E’ morto Alfonso Giordano, il giudice del maxiprocesso alla mafia. Fu giudice anche a Sciacca

PALERMO.  “Oggi alle 13.30, il presidente Alfonso Giordano è tornato serenamente alla casa del padre – ha scritto suo figlio, Stefano, su Facebook – le esequie si svolgeranno in forma strettamente privata. Ne danno notizia i figli, uniti nel dolore e nella speranza della resurrezione”. E’ stata appresa così la notizia della morte del giudice Alfonso Giordano che, nella Palermo degli anni Ottanta, fu l’unico magistrato ad accettare di dirigere la Corte d’assise del primo grande processo alla mafia.

E il magistrato, non si tirò indietro, come tanti altri suoi colleghi. Quel giudice è diventato un simbolo della lotta alla mafia. Aveva 92 anni.  Ai più giovani ricordava i giorni difficili del maxiprocesso con un’espressione semplice: “Ho fatto solo il mio dovere”.

Non amava la ribalta e i riflettori dell’antimafia. “Io ho rappresentato lo Stato nel processo più duro contro Cosa nostra – aveva detto in una recente intervista al Riformista – Il nostro compito era quello di non fare sconti a nessuno, e non ne abbiamo fatti. Diciannove ergastoli, poi confermati in appello e in Cassazione significano che lo Stato con la mafia ci andava giù duro”.

Di quei giorni ricordava soprattutto l’atmosfera pesante attorno ai giudici della corte, e le parole sibilline di Michele Greco, il “Papa” della mafia, che aveva chiesto di parlare prima dell’inizio della camera di consiglio: “Io vi auguro la Pace”. Il presidente Giordano non si scompose e lasciò scivolare quella minaccia neanche tanto velata.

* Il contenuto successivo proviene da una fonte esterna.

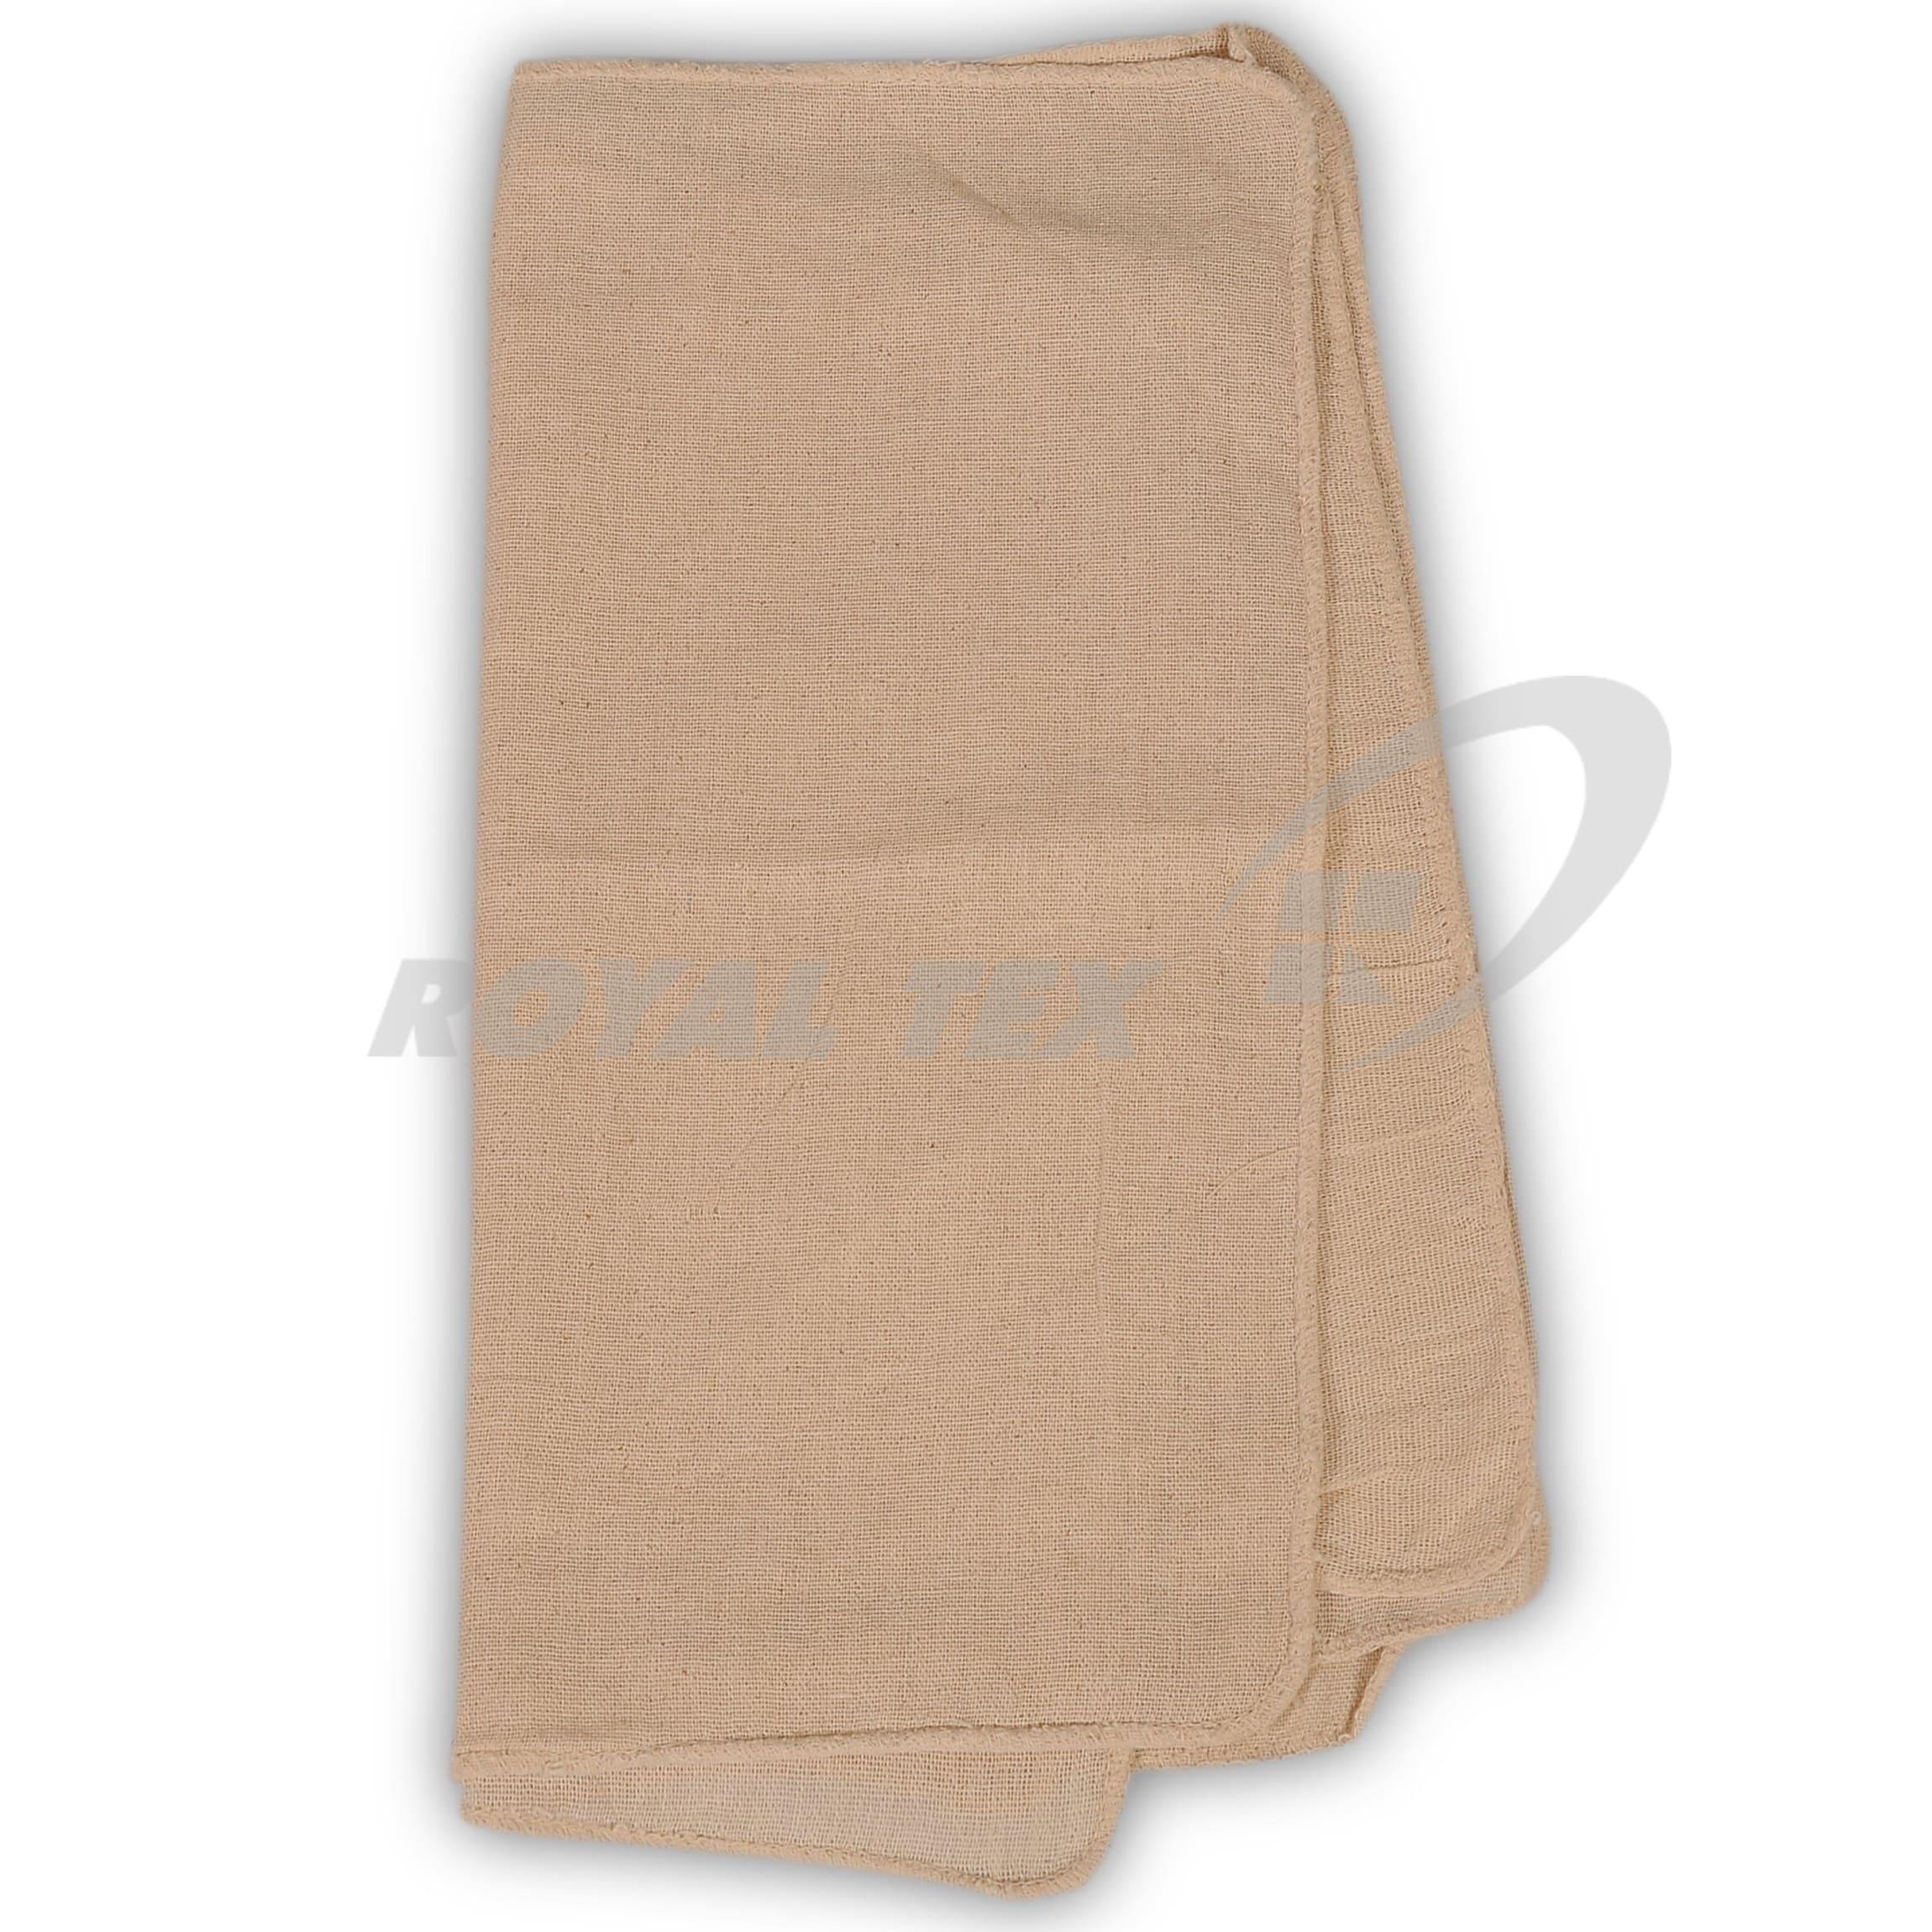 Shop Towel - Natural

Poi, l’incarico di presidente della prima Corte d’assise: il processo istruito dal pool diretto da Falcone e Borsellino iniziò il 10 febbraio 1986, si concluse il 16 dicembre 1987, con 19 ergastoli, 2665 anni di reclusione e 11 miliardi di lire di pene pecuniarie inflitte ai vertici di Cosa nostra.